Cassandra Farrington, who co-founded the Marijuana Business Daily, says watching the industry transform as it grows has been akin to a Harvard Business School case study.
“In the early days back in 2011 … they came up through the social advocacy side. And had perhaps been involved with the black market side for many years (and) truly believed in their heart of hearts that this was not a harmful product and it needed -- access needed to be given to the wider populations,” she said.
Today, it’s a very different story.
“Nowadays we see a seismic shift to where we see a lot of economic entrepreneurs. We see people looking at the marijuana industry as the next tech boom and pursuing it from that angle. What are my opportunities? I have this nest egg I created when I sold my Amazon stock. And where do I want to put that money? The marijuana industry is the next great important and fun thing to look at.”

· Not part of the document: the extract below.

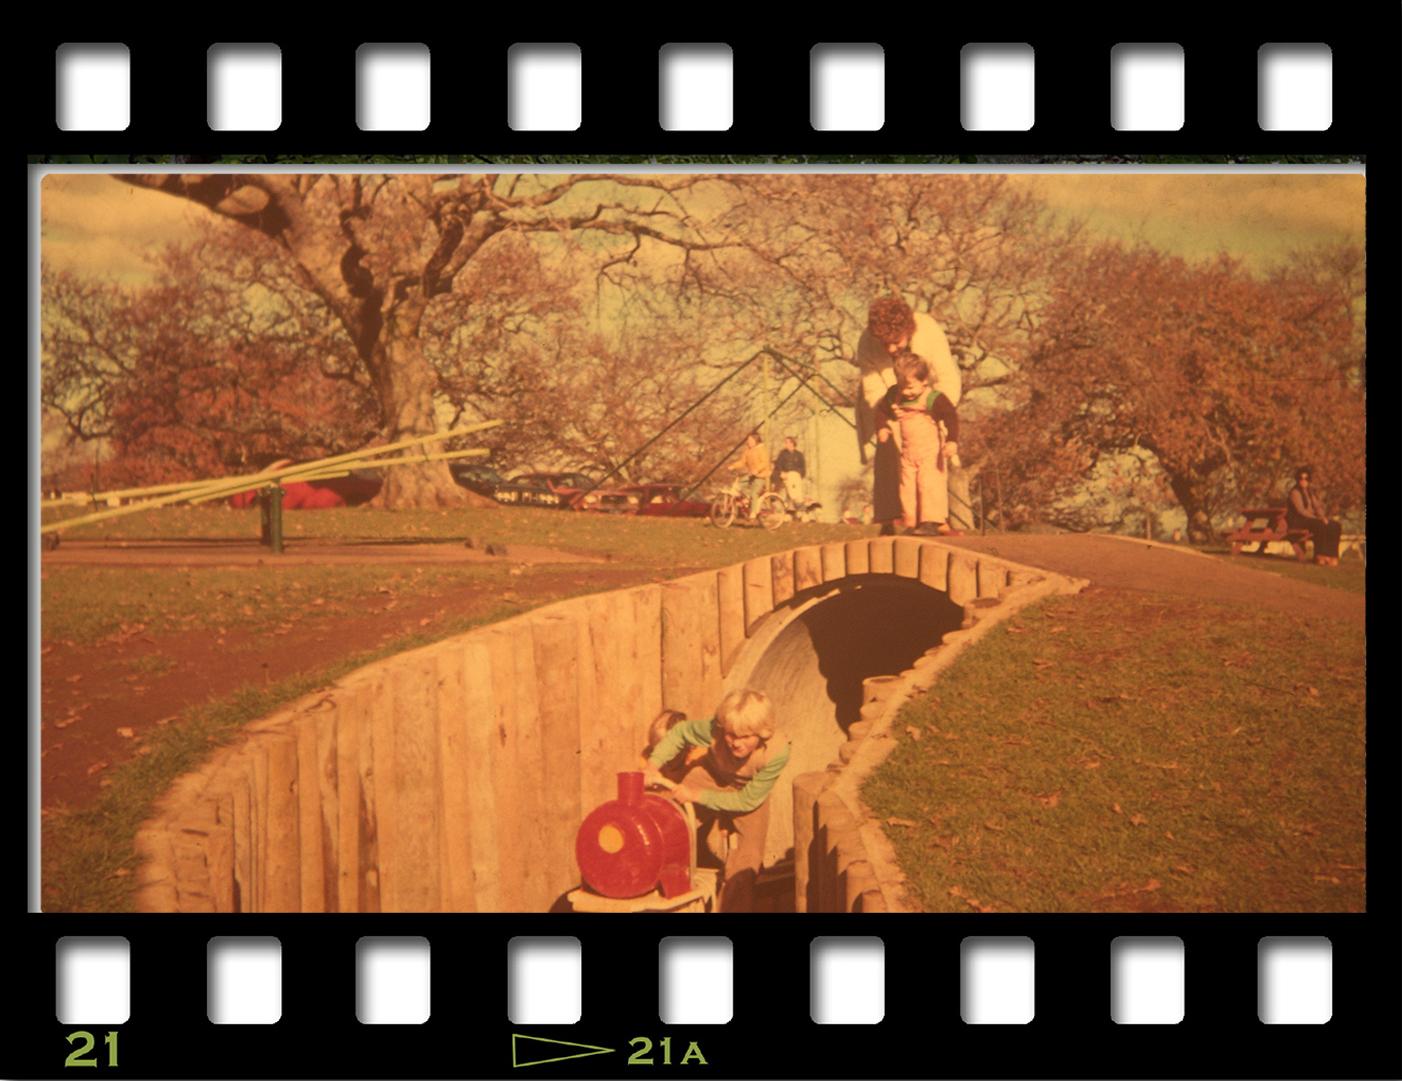 Cornwall Park Playground - c1976

So what are they selling at the marijuana expo?
Cannabidiol water and gummie bears, for one thing.
A company called Isodiol has used nanotechnology to make CBDs, or cannabidiols, soluble in water.
People drink lots of water, so there’s bottled CBD water called “CBD Naturals.” It’s legal in every state because CBDs are not illegal.
Cannabidiols, as publicist Andrew Hard explains, is NOT THC, the active ingredient in marijuana that makes people high. You could take as much CBD as you want without getting high.
“It’s the non psychoactive cannabinoid, you may also call it though the medicinal cannabinoid,” Hard said.
As such, 17 medical marijuana states only allow CBDs, not it’s more well-known cannabinoidal brother, THC. And because CBDs are a big part of the medicinal marijuana movement, several companies here sell machines that extract CBD oils.
One of those machines looks like a French espresso machine on steroids. It’s from Eden Labs, whose CEO, AC Braddock, explains how it works.
”So this is a 20-liter system. Our most popular system. You put 10 pounds of material in here. Put it in at the top, put the ground material in. It gets flushed with liquid CO2, so it’s really saturated. It travels over to the separator over here where the saturated gas drops out all of the oils and then the oils come out of the bottom.”
And just one of these glistening 20-liter oil extractors will put you back $180,000.
At that price, is anyone buying?
“Yes we sell quite a few,” Braddock said, smiling. “We have a hard time producing enough of them, actually.”
Not too many booths away, Andrew Pitsicalis sells glass pipes in the form of skeletons and other forms whose intricate design no words can adequately describe.
And there are booths that hawk canisters for pot that are vapor proof—you can’t smell it once it’s in there. There are grow lights. Special soils.
One of the most crowded booths is for PotBotics. It markets a throw-away electroencephalogram or EEG device that works something like this: After a doctor prescribes a CBD, you return a few weeks later for a checkup. The doctor puts the plastic, thin device on your head. It’s sticky. Doesn’t hurt. But gives him a computer read out. A neurologist at a remote location analyzes the readout. That will help the doctor decide if the prescription needs to be altered.
Co-founder and CEO David Goldstein says the hope is to have a model out within a year that people could purchase on their own and do at home.
Pot, it’s becoming very clear, is not just for stoners anymore. It’s big, big business. And with medical marijuana just getting started in Nevada, and a ballot initiative for legalizing recreational pot up for a vote in 2016, expect more and more of this business in Nevada.